In the 2017 New Year Honours he was made an Officer of the NZ Order of Merit for his contribution to land and water management. 

His family business, Murphy Farms, runs 5100 cows on 2150ha and employs four lower-order sharemilkers, two dairy managers and a runoff manager.

Irrigation has been essential for the business and many others like it, drought-proofing, keeping production consistent and giving certainty of income. 

Thanks partly to water Murphy Farms’ annual production varies by no more than 1-2%.

“And I think of all the years we’ve been farming here there’s only one year that we haven’t increased production. If you’re a grassland farmer you need water.”

In Canterbury every decade brings an 18-month to two-year drought. 

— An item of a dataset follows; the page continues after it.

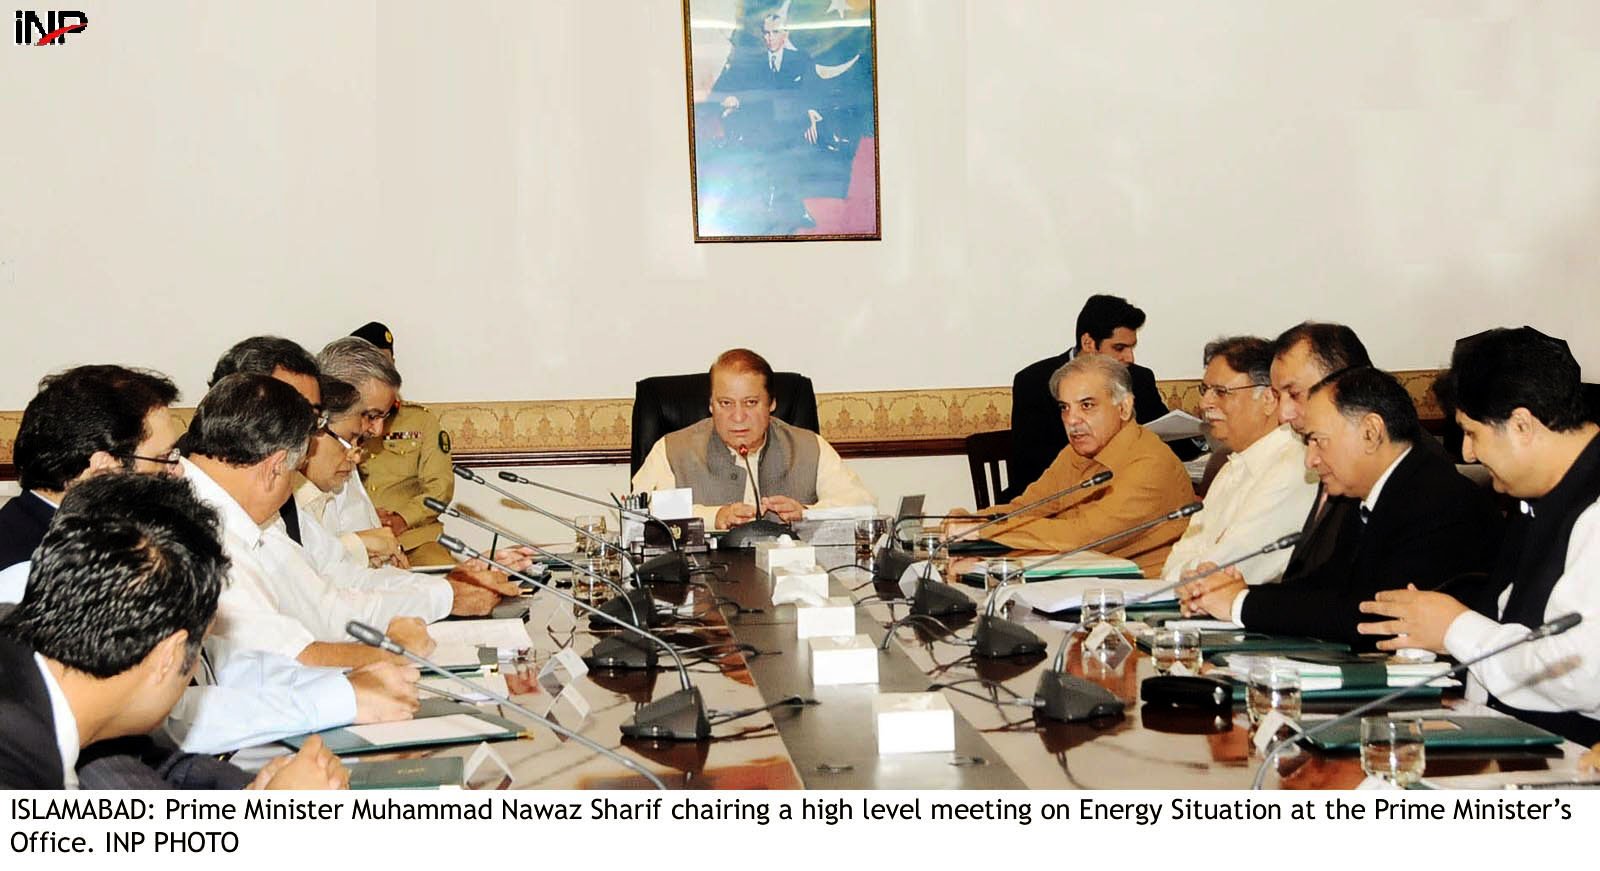 prime minister nawaz sharif chairs a high level meeting on the prevailing power crisis photo inp

“This decade we haven’t had it and somewhere along the line you’re going to have a real dry period. I think people have got to assess the cost of that lost income versus being able to put that irrigation scheme in.” 

Murphy looks forward to growing more grass in future as border dyke irrigation continues to be replaced by spray systems. The more that farmers can match their irrigation requirements with soil moisture levels the better they will be.

Personally, it’s satisfying for him to have son Bruce and daughter-in-law Lesa as business partners. It feels like the succession planning he and May started with Bruce in 2000 is paying off. 

“I’m probably pretty fortunate that I’ve been able to take a helicopter view of a lot of things. I’ve had very good support from May and my family. And on the other hand I don’t work a 40-hour week. A lot of that other work was done on the weekend or at night.”

He gives only a hint of slowing down his farming and community commitments but says whenever he does step away from a commitment he’s sure to make it a clean break. 

“When I went off the zone committee I told them that when I retired they won’t see me for a period of time and they haven’t.” 

His approach to retirement is “I’m gone. Don’t worry, I won’t be annoying anybody.”

Likewise, a general manager appointed three years ago has picked up some of Murphy’s institutional knowledge and kept gathering data to keep the company in good shape.